Carruthers nos inspira assim a pensar a mística como ancorada em um inventário de ações e
ânimos que podem assumir múltiplas configurações, nas quais as causas do movimento se
expressam e podem ser reconhecidas.
A pesquisa aqui proposta visa, portanto, investigar a mística do MST como técnica do
(e para o) pensamento, que é socialmente construída e eminentemente engajada, trazendo novas
inspirações e nova bibliografia para o exame dos movimentos sociais e da política; por
exemplo, a mística ganha outra compreensão em suas relações com a memória, sobretudo pelo
modo como interpela a construção de mundos futuros.
3. Objetivos
O objetivo central desta pesquisa é formular um entendimento da mística como técnica
do pensamento e ferramenta mnemônica, uma vez que essa parece engajar relações
interpessoais e reflexivas, ambas culturalmente orientadas, movimentando temporalidades,
passadas, presentes e futuras. O estudo visa realizar uma descrição detalhada dos diversos
sentidos e usos da mística, tendo como eixos suas relações com saberes e memória, técnica e
criação, atenta às relações que ela produz e engaja. A pesquisa irá trabalhar com a perspectiva
e as compreensões "nativas", com a ajuda de pesquisa documental e etnográfica, amparada
também na bibliografia específica sobre o assunto e na literatura antropológica mais ampla.

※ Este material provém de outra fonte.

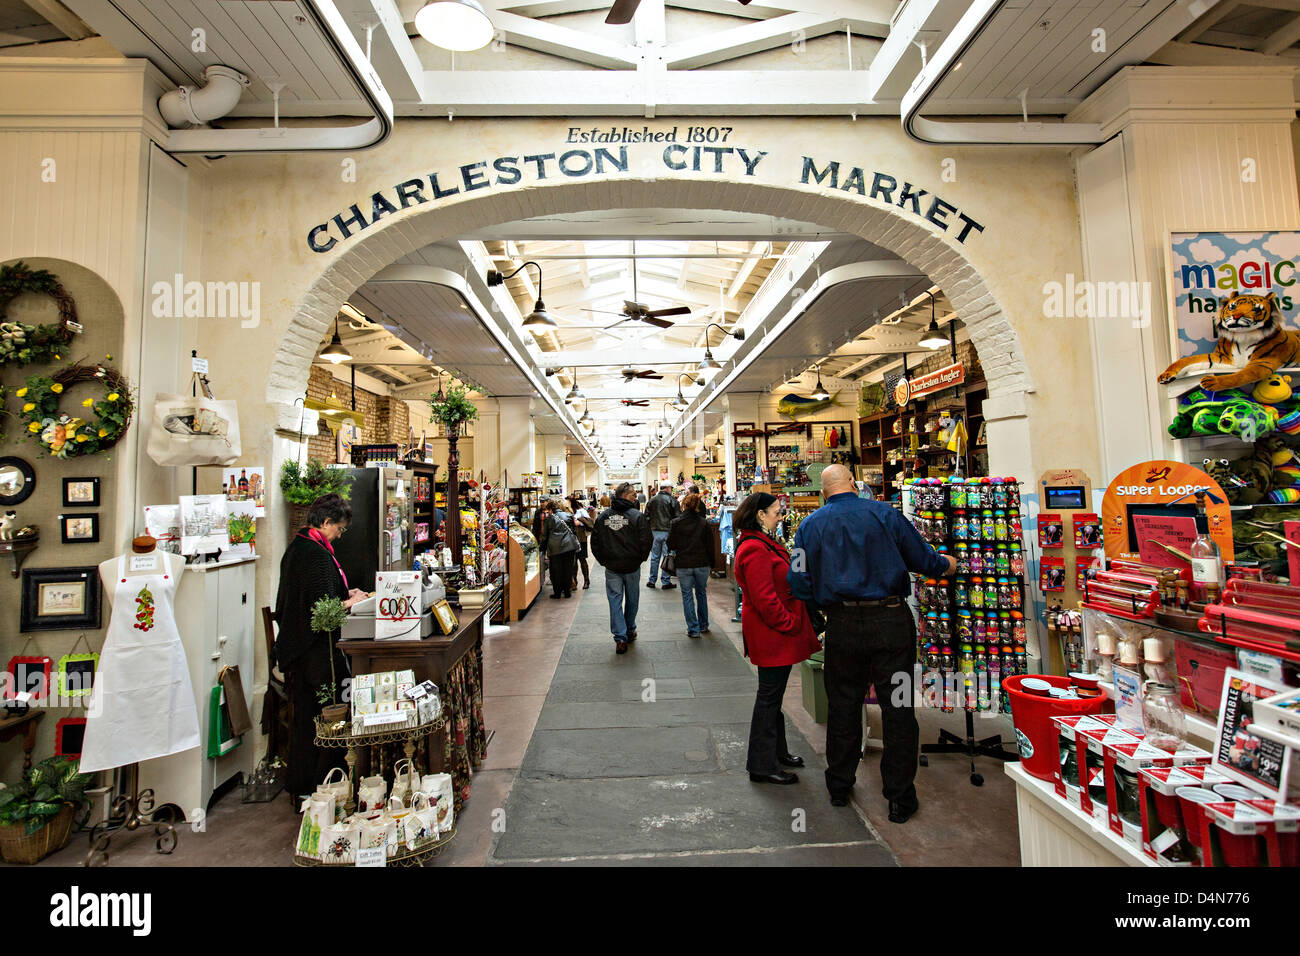 Historic Charleston City Market On Market Street In Charleston Sc Stock Photo Alamy

Muito já foi pesquisado sobre o MST em relação à mística. Compreende-se que ela
forma sujeitos históricos, mostrando-se relevante para promover a consciência de classe dentre
os sem terra (SOUZA, 2012; MARTINS e SANTOS, 2013). É vista também como capaz de
produzir uma identificação dos indivíduos com o movimento que integram (INDURKY, 2014).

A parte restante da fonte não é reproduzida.